RECORDED DATA: Begin
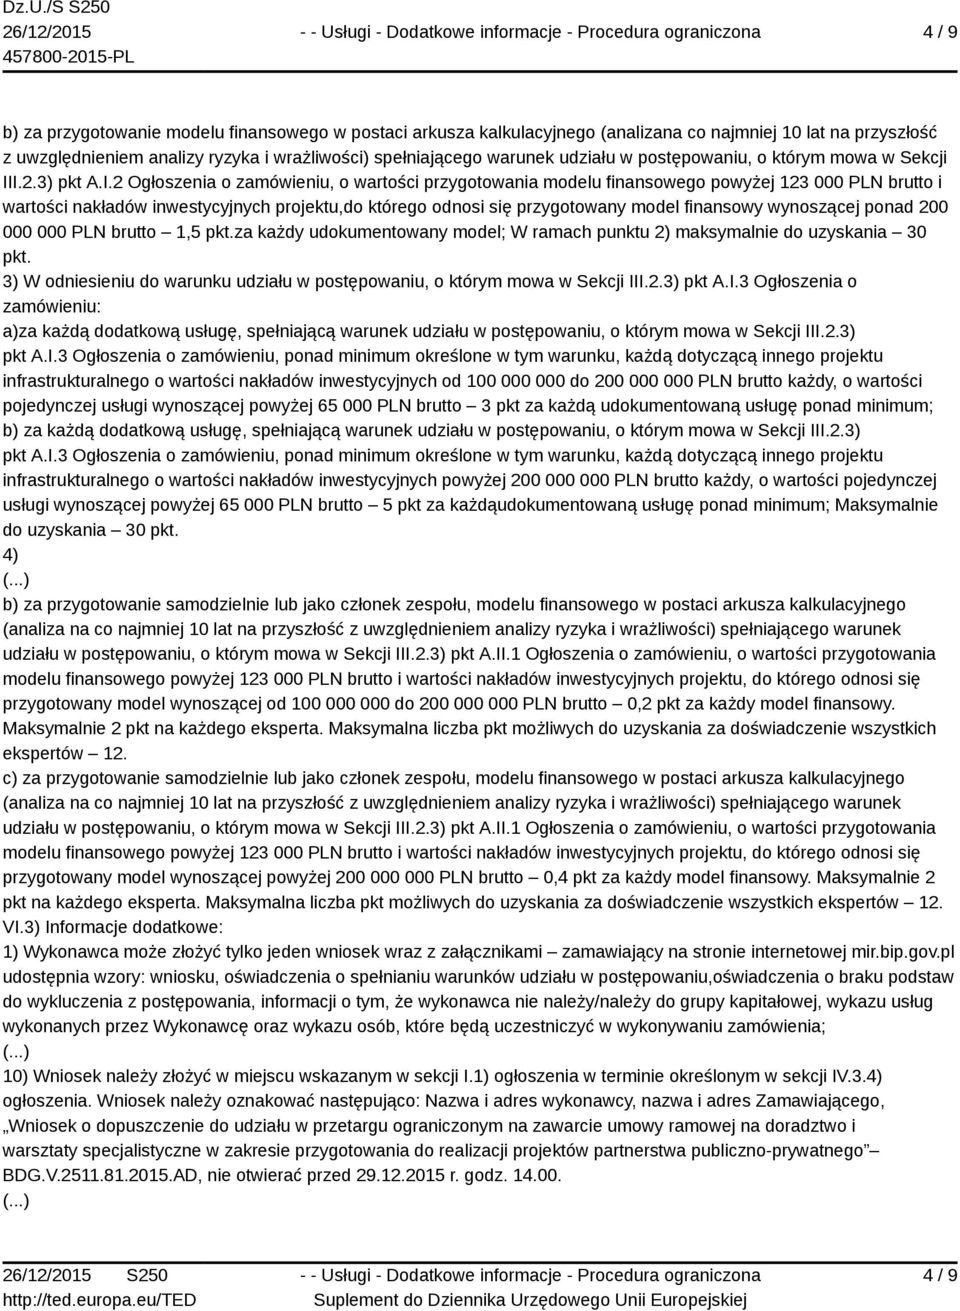 I.2.3) pkt A.I.2 Ogłoszenia o zamówieniu, o wartości przygotowania modelu finansowego powyżej 123 000 PLN brutto i wartości nakładów inwestycyjnych projektu,do którego odnosi się przygotowany model
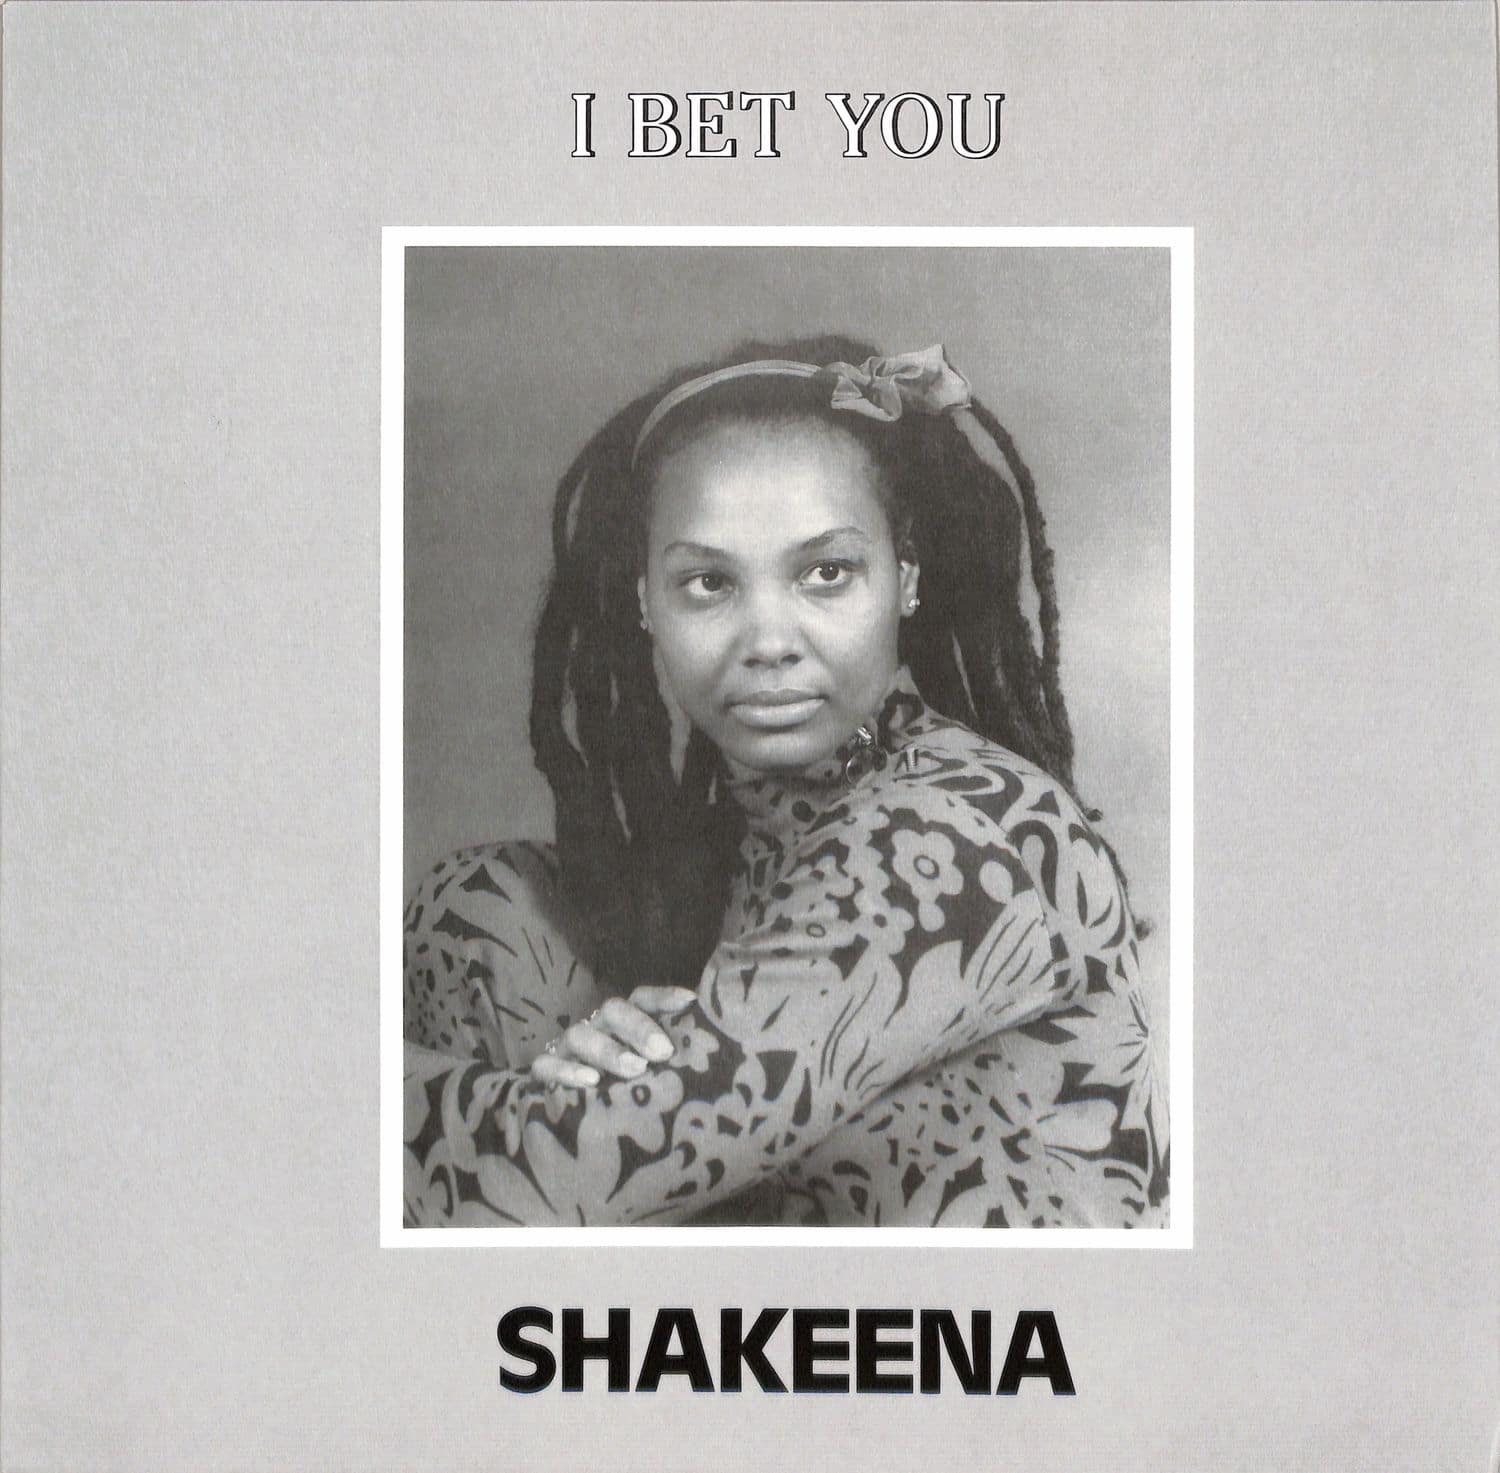 Shakeena - I BET YOU
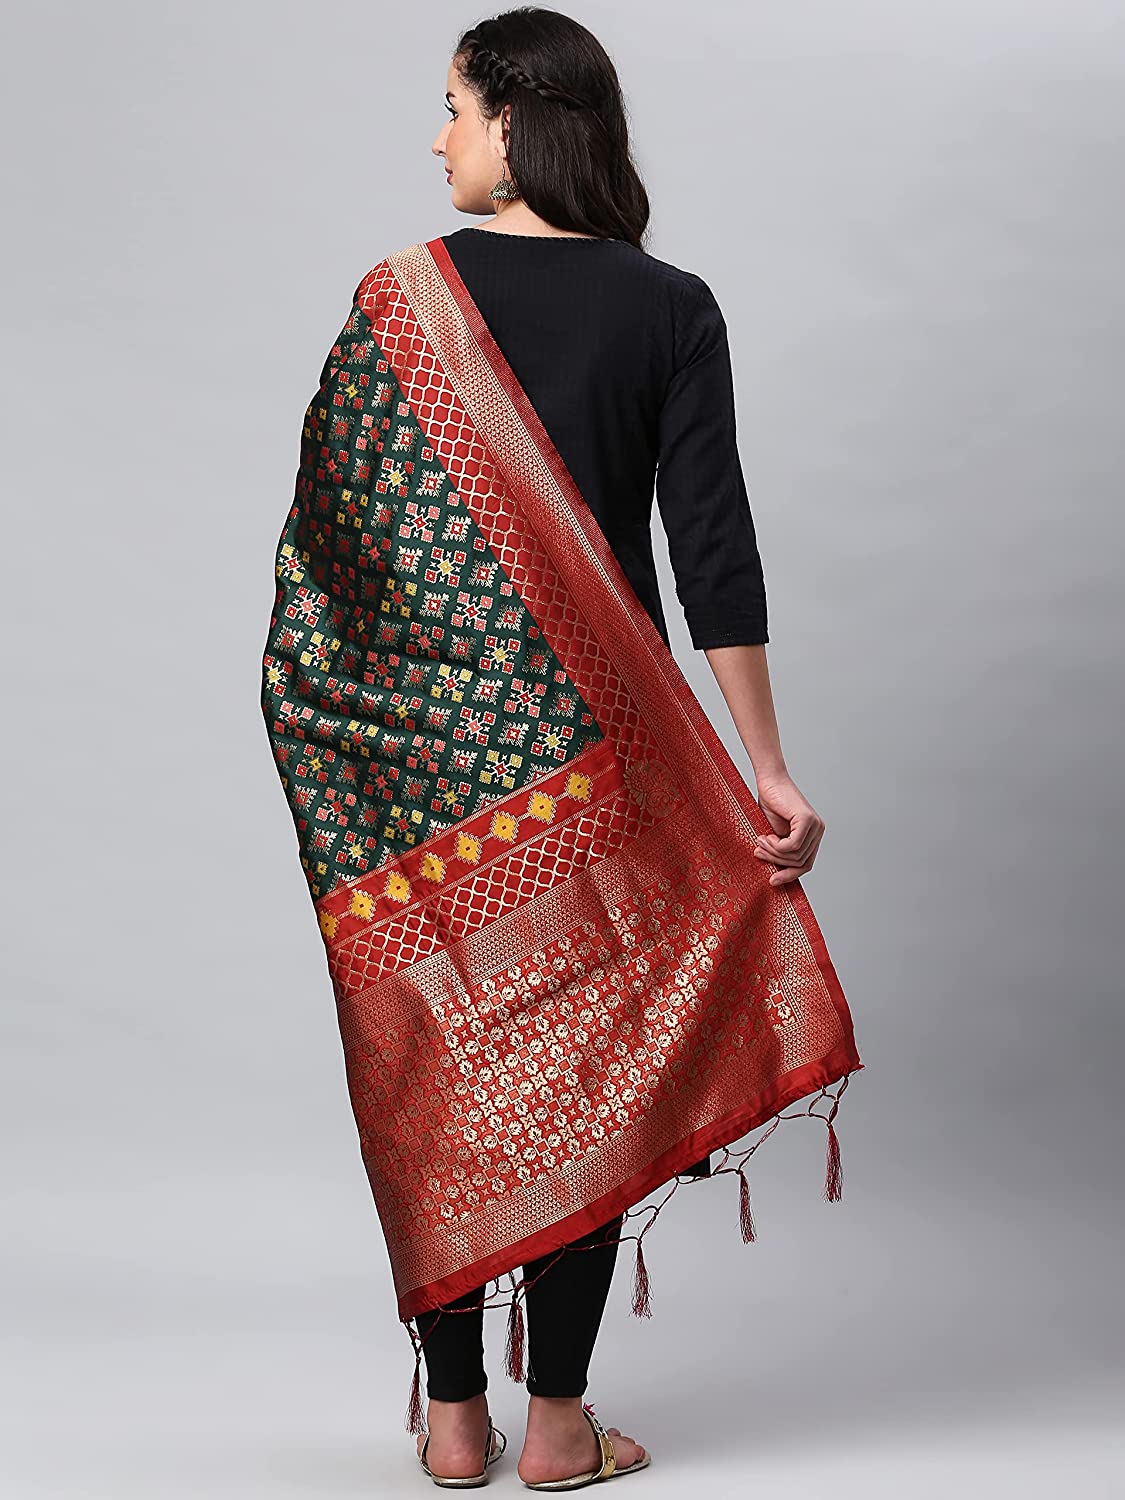 Lilots Women's Banarasi Silk Woven Dupatta
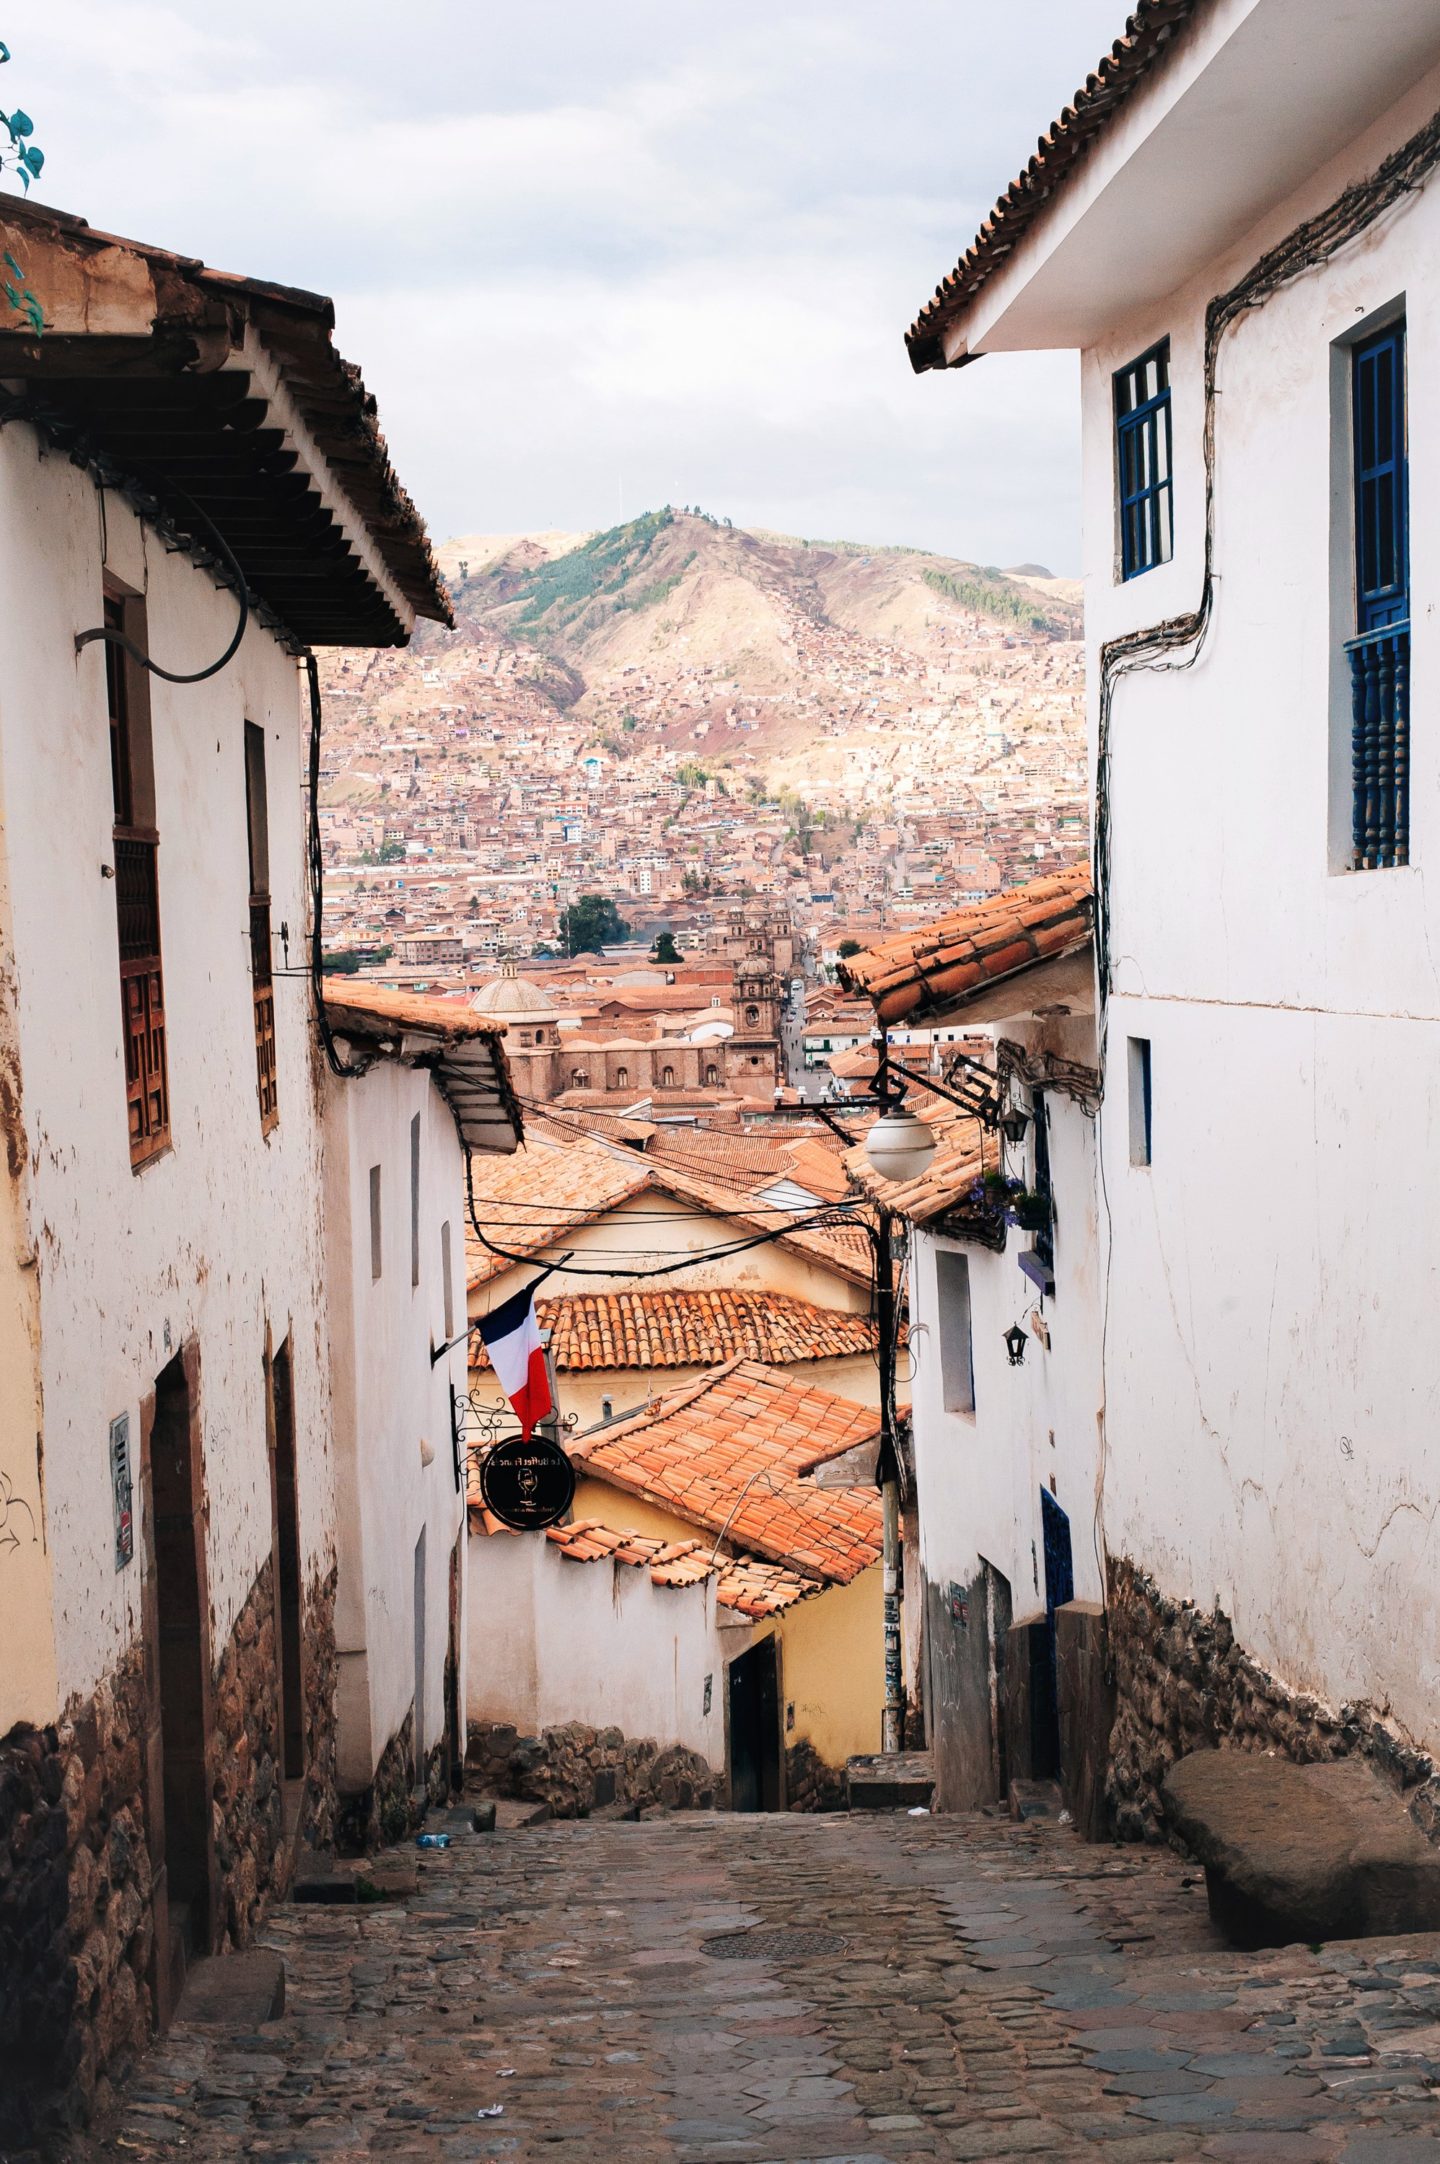 Peruvian hiking destinations: Cusco
RECORDED DATA: End
TASK TO CARRY OUT >> Only the text of the listing above is copied, exactly as written; its pictures are dropped.

SOLUTION TO THIS PROBLEM >>
 I.2.3) pkt A.I.2 Ogłoszenia o zamówieniu, o wartości przygotowania modelu finansowego powyżej 123 000 PLN brutto i wartości nakładów inwestycyjnych projektu,do którego odnosi się przygotowany model
 Shakeena - I BET YOU
 Lilots Women's Banarasi Silk Woven Dupatta
 Peruvian hiking destinations: Cusco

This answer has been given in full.